L’article sus-mentionné précise que cette commission est dirigée par des représentants de presse dont les noms sont cités (sous réserve me semble-t-il) et des membres du ministère de la Culture. Il est bien évidemment impossible de savoir qui a voté en faveur de l’exclusion de Charlotte.Charlotte. S’agit-il principalement des membres d’un ministère ayant pour mission de permettre au plus grand nombre d’avoir accès aux œuvres ? S’agit-il plutôt des membres de groupes de presse éditant des publications comme Auto-Moto, Ambiances Piscines et Voici ? Impossible de le savoir.
Je me demande (simple interrogation de ma part qui n’est assise sur aucun élément d’information) si ce n’est pas une nouvelle manifestation du wokisme ambiant (probable) et si la proximité de Bastien Vivès avec la revue n’a pas pesé dans la décision des censeurs (possible).
Quant à Bastien Vivès, il sera jugé en mai, non pas devant la chambre du tribunal dédiée à la presse, mais devant celle relevant de la justice des mineurs.

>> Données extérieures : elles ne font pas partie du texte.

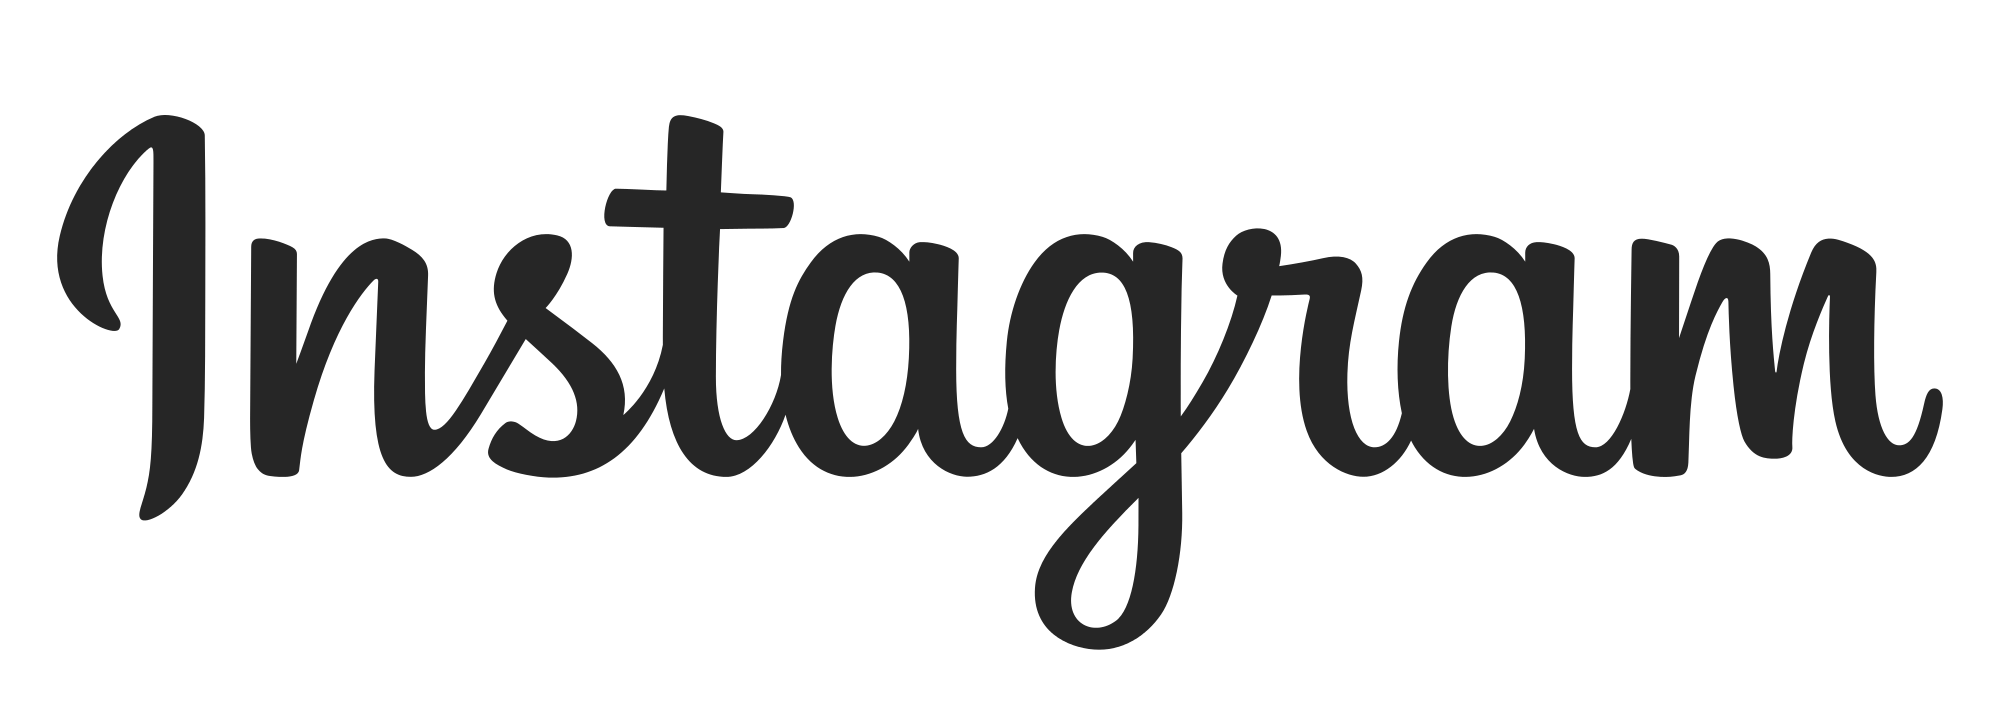 Ilustración de Instagram IG logo PNG Imagen Transparente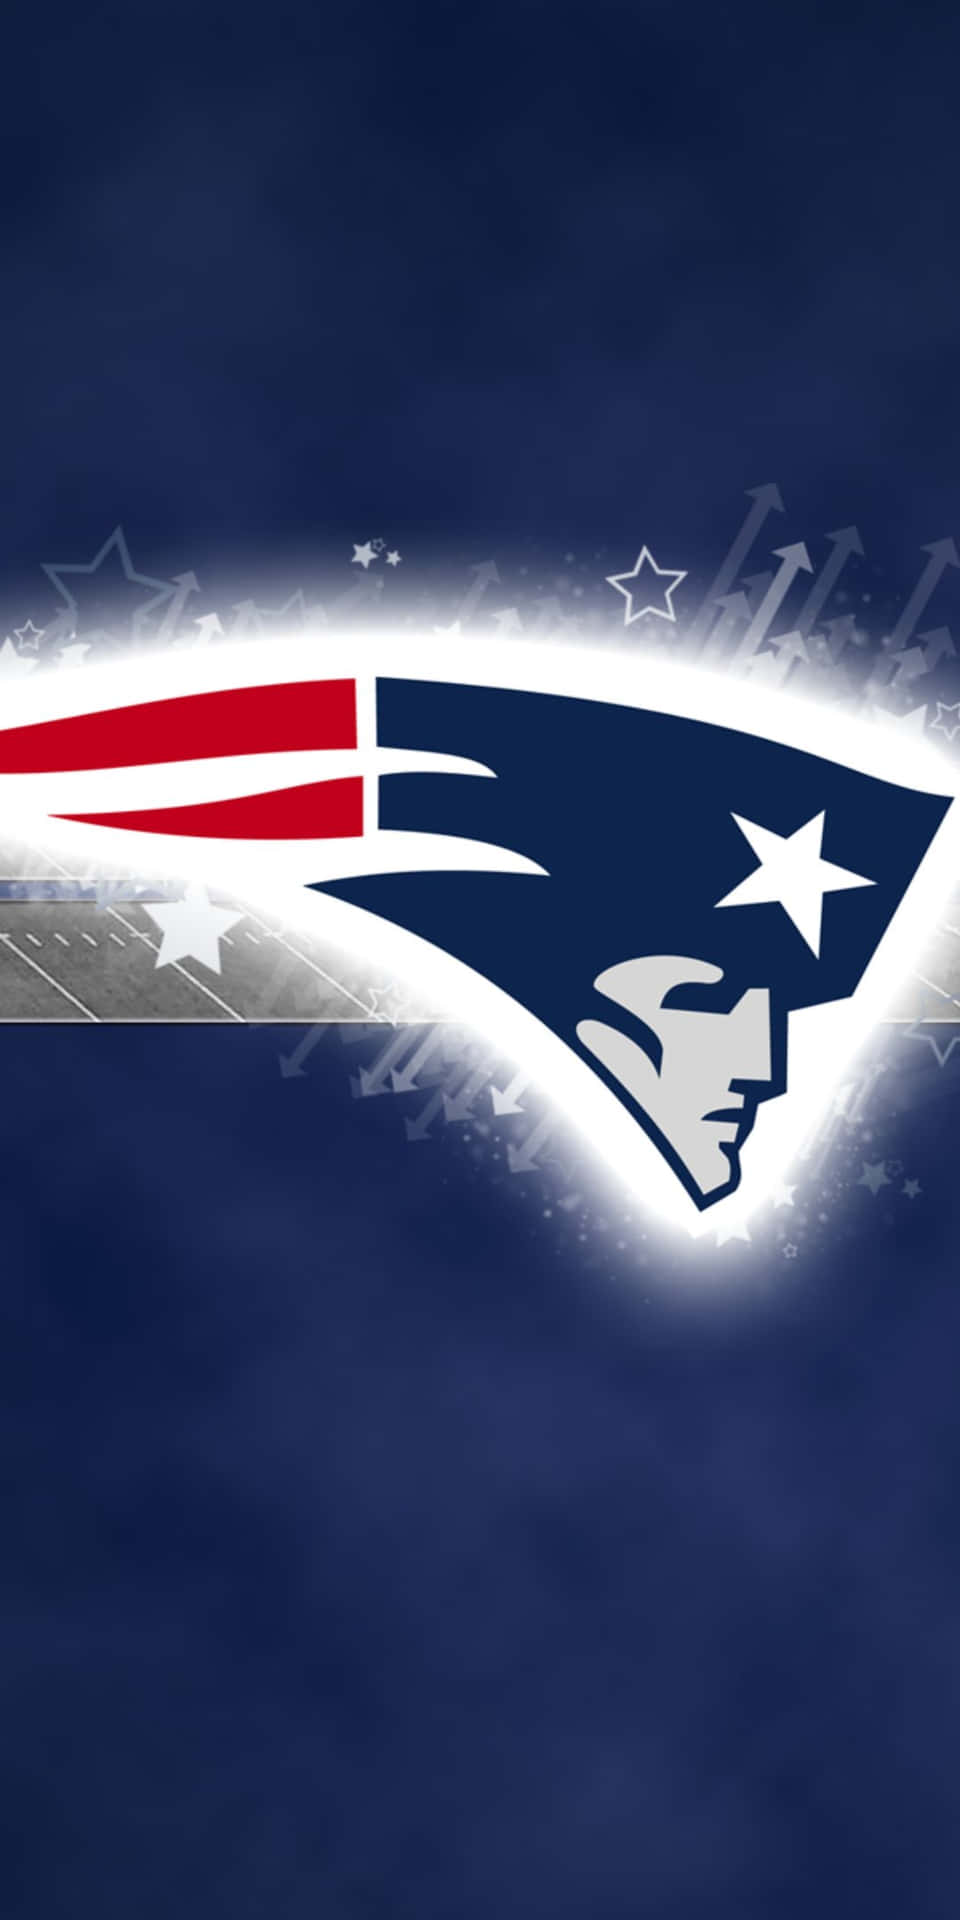 Fondode Pantalla De Fútbol Del Pixel 3 Con El Logotipo De Los New England Patriots

Il faudra donc qu’il y ait un procès pour avoir l’occasion de démontrer que des photos ou des vidéos pédophiles ne sont absolument pas de même nature qu’une bande dessinée de fiction volontairement irréaliste par ses outrances. Voilà de quoi donner un peu d’occupation aux juges qui, n’ayant pas de véritables affaires de pédophilie à traiter, s’ennuient dans leur bureau.
Sur ce sujet, je renvoie à l’excellente émission du 20 février (« Affaire Bastien Vivès : peut-on tout dessiner ? ») d’une excellente radio (France-Culture) qui, chose désormais rare, permet à des points de vue assez opposés de s’exprimer de manière argumentée (je n’évoque pas seulement la pluralité des invités, ce qui est courant, mais celle des producteurs d’émissions).

J’apprends au même moment en lisant un billet de Frédéric Bosser dans dBD que Dany redessine actuellement l’album Spirou et la Gorgone bleue qui, suite à une polémique à l’automne dernier, avait été retiré de la vente par son éditeur qui avait même annoncé sa mise au pilon immédiate. Dany va-t-il se contenter de redessiner les visages de ses personnages noirs ou va-t-il également se sentir obligée de diminuer la surface de poitrine de ses héroïnes pour rendre son album plus conforme aux injonctions de ceux qui vocifèrent le plus bruyamment ?
Pendant ce temps, aux États-Unis, les anti-wokistes apurent les bibliothèques d’ouvrages qui, à leur tour, les offensent. Pour réaliser cette sinistre besogne, ces fanatiques n’ont pas attendu l’élection d’un président fascisant (le qualificatif ne me semble nullement outrancier, visant un masculiniste déclaré, faisant primer la force sur le droit, annonçant une volonté d’annexion de pays souverains, refusant le verdict des urnes quand il ne gagne pas les élections, annonçant déjà sa volonté de se représenter aux élections ce que lui interdit la Constitution de son pays, etc.).
J’appartiens à une génération qui a connu des intellectuels et des politiques qui ne se sont pas sentis obligés de refuser de condamner des dictatures d’extrême-droite au motif que ça ferait le jeu des dictatures communistes, et des dictatures communistes au motif que ça ferait le jeu des dictatures d’extrême-droite. Ce n’est donc pas aujourd’hui que je vais me laisser intimider par les nouveaux censeurs au motif que je ferais le jeu des anciens. Je n’en tire aucune gloire car je ne prends aucun risque. Je suis un inconnu médiatique et Bananas est si petit qu’il n’a même pas besoin d’un numéro de commission paritaire pour survivre. Aujourd’hui, en ce qui concerne la vente par correspondance, le n°17 est affranchi à 7,60 euros (pour un prix de vente de 12 euros plus 3 euros de participation de port demandée, minimum fixé par la loi). Et à partir du 1er juillet, les tarifs hors France seront bien au-delà. Certes, le déficit va flamber mais, en valeur absolue, il restera un petit déficit, financé sans difficulté. « Too big to fail » dit un dicton en matière financière. Mais il en existe un autre : « Small is beautifull ».